The department considers its position strengthened by the recent decision of Federal Judges Hough of New York and Speer of George in sustaining the action of Postmaster General Burleson in refusing privileges of the mails to The Masses and The Jeffersonian.

Recent utterances and activities of Mayer Thompson of Chicago and The Republican, a newspaper which supports him in connection with the so-called convention there of the People’s Council of America for Democracy and Peace, are also being scrutinized.

The Department has held repeatedly that it is not its function to prohibit or to break up pacifist meetings or conventions, but a close scrutiny of the utterances of speakers and others at such meetings is maintained to determine violation of the Espionage act.

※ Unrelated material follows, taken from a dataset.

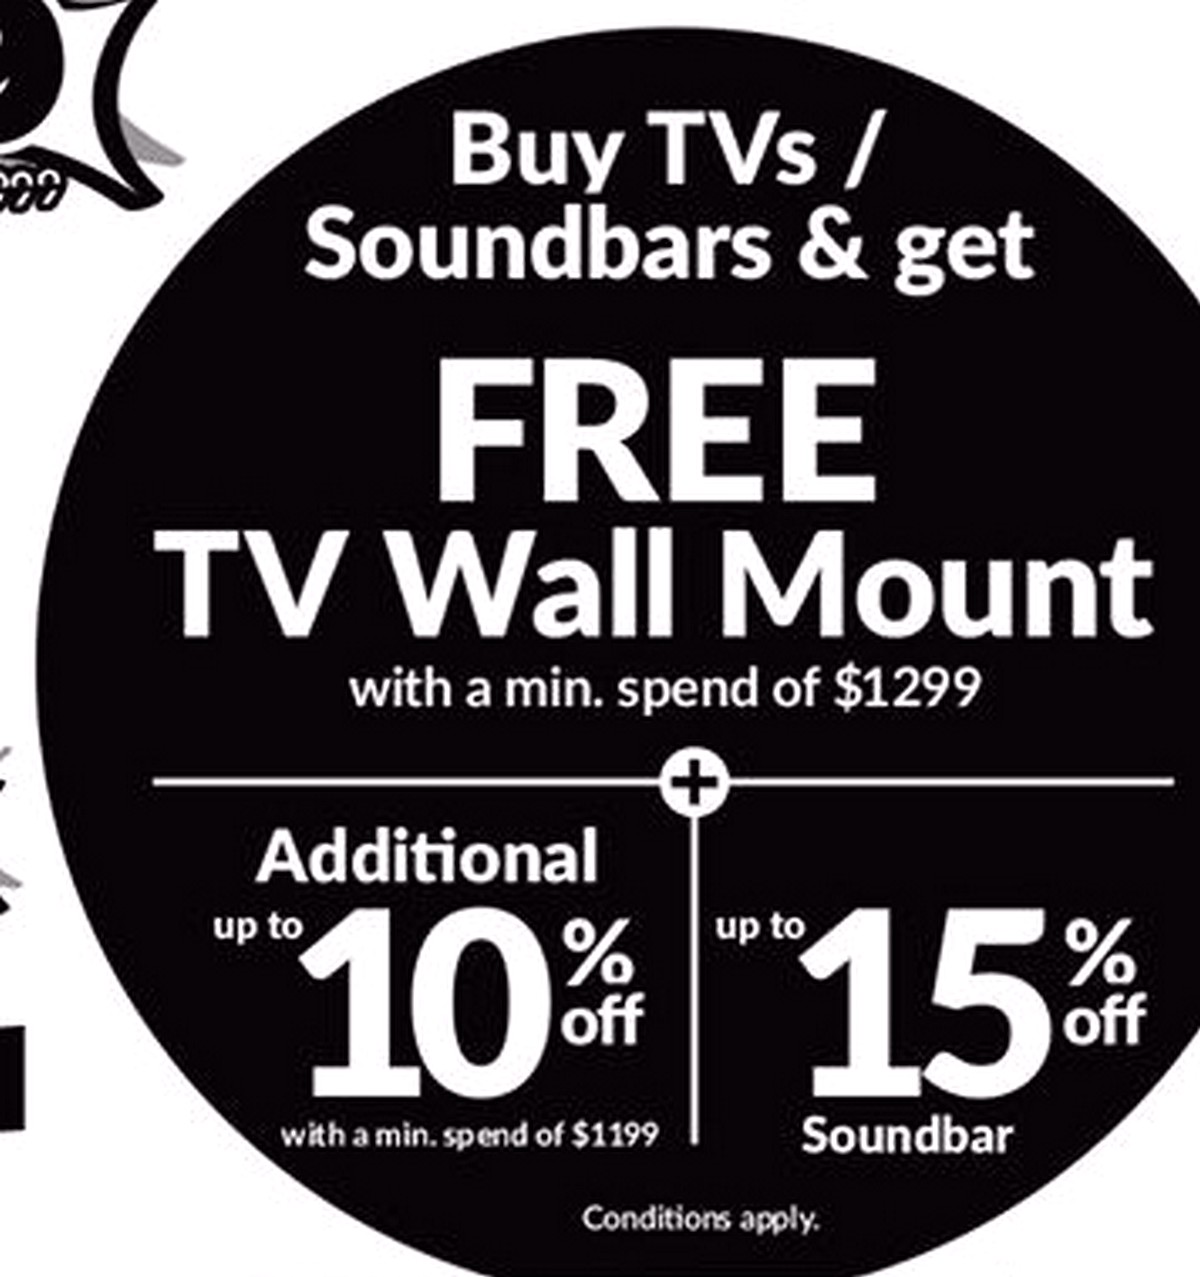 Courts-Buy-TVs-or-Soundbars-Get-FREE-TV-Wall-Mount-2021-Singapore-Clearance-Warehouse-Sale 13-17 May 2021: COURTS Massive Furniture & TV Clearance Sale! Up to 65% OFF & Buy 1 Free 1 Deals!

Included in the investigation of alleged seditious publication and others of a character regarded as open to question are individual newspapers and magazines published in German in this country and the advertising and other literature of the American Union Against Militarism, the People’s Council, the League of Conscientious Objectors, and other organizations affiliated with them or of a similar character.

The time is not far distant, in the opinion of some officials, when the Government will begin prosecutions. Hundreds of newspaper and magazine articles whose propriety is admittedly open to two interpretations have been placed before officials here. In most instances,  it is said, these articles have been cleverly worded so as to bring them virtually within the law, while at the same time creating the effect desired.

A large number of the articles and editorials under investigation do not attack the Government, but centre their criticism upon allies of the United States. What proceedings, if any, can be taken in these instances, it was said, depends wholly upon the wording of each article.